Health & Science > News > Technology

NASA Will Send Two Robots To Mars In 2004

 
WASHINGTON, (AFP) - The U.S. space agency NASA will send two robots to separate regions of Mars in 2004 to seek out past or present traces of water, NASA associate administrator for space science Ed Weiler said here.

"To have two rovers driving over dramatically different regions of Mars at the same time, to be able to drive over and see what's on the other side of the hill, it's an incredibly exciting idea," he told a press conference.

Last month, the National Aeronautics and Space Administration announced it was sending one rover to the red planet, but after checking its budget, it decided there was enough money for two.
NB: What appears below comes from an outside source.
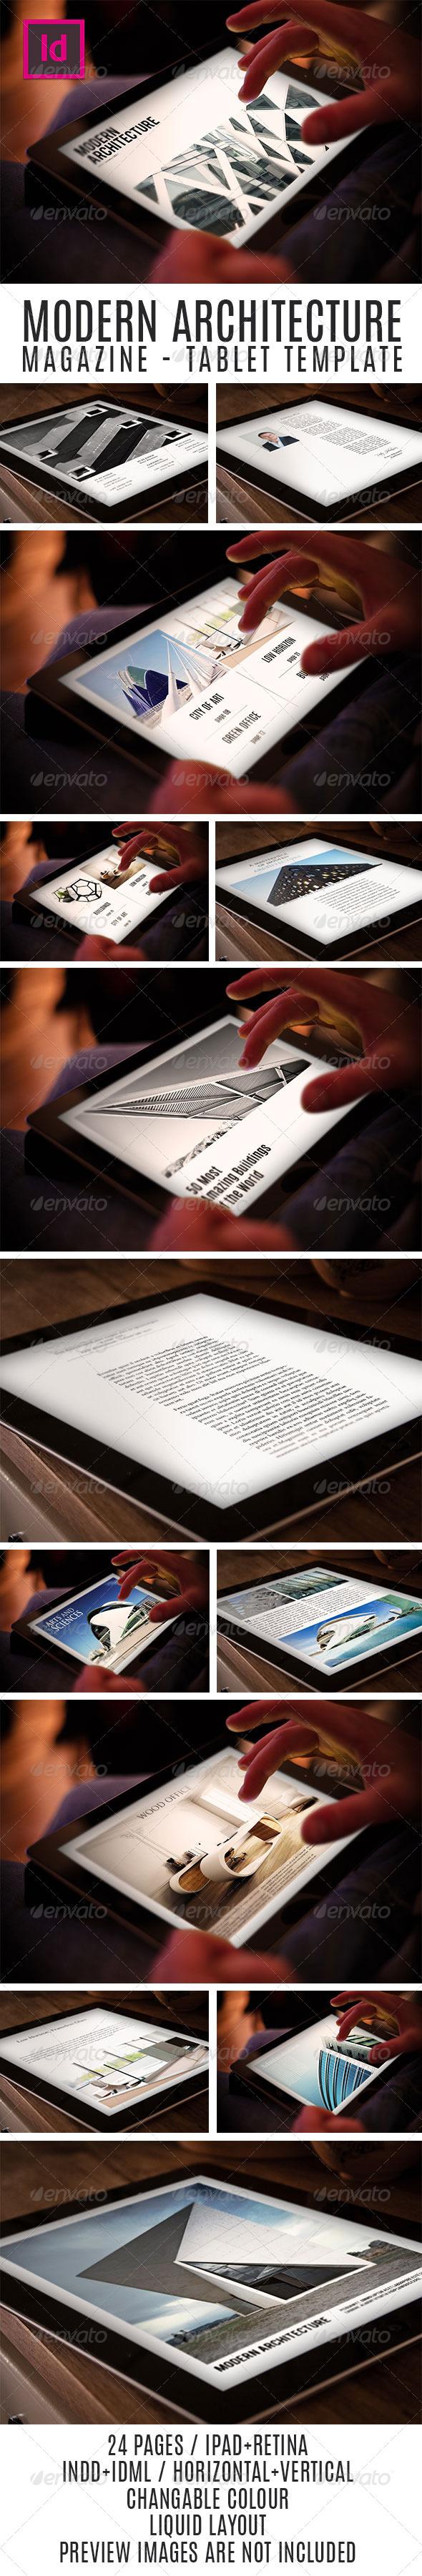 GraphicRiver Tablet Modern Architecture Magazine Template 7806579

The robots will be launched within two weeks of each other in May and June of 2003 atop Delta II rockets from Kennedy Space Center, at Cape Canaveral, Florida. If all goes well, the two spacecraft will touch down on Mars, after a seven-and-a-half-month space flight, on January 2 and 20, 2004.

The robots will touch down in two separate regions of the planet in a similar fashion to the Pathfinder rover landing in 1997: a parachute will slow its descent and inflatable balloons will make for a soft if bouncy landing.

Although they will be under remote control from Earth, the rovers are capable of more autonomy and freedom of movement than their predecessors Pathfinder and Sojourner who took spectacular pictures of the barren Martian landscape, but which did not stray far from the landing site.

The robots, each weighing 330 pounds, are capable of covering 328 feet per Martian day (24 hours, 37 minutes). Their sophisticated instruments will analyze the mineral content of the soil, and a wide-angle camera will take snapshots of the surroundings.

"The goal of both rovers will be to learn about ancient water and climate on Mars," Cornell University Professor Steven Squyres, Principal Investigator for the rovers' Athena science package, told reporters.

"You can think of each rover as a robotic field geologist, equipped to read the geologic record at its landing site and to learn what the conditions were like back when the rocks and soils there were formed," he added. The actual landing sites have not been determined yet, but the scientists said it would be in areas where they hope to find water.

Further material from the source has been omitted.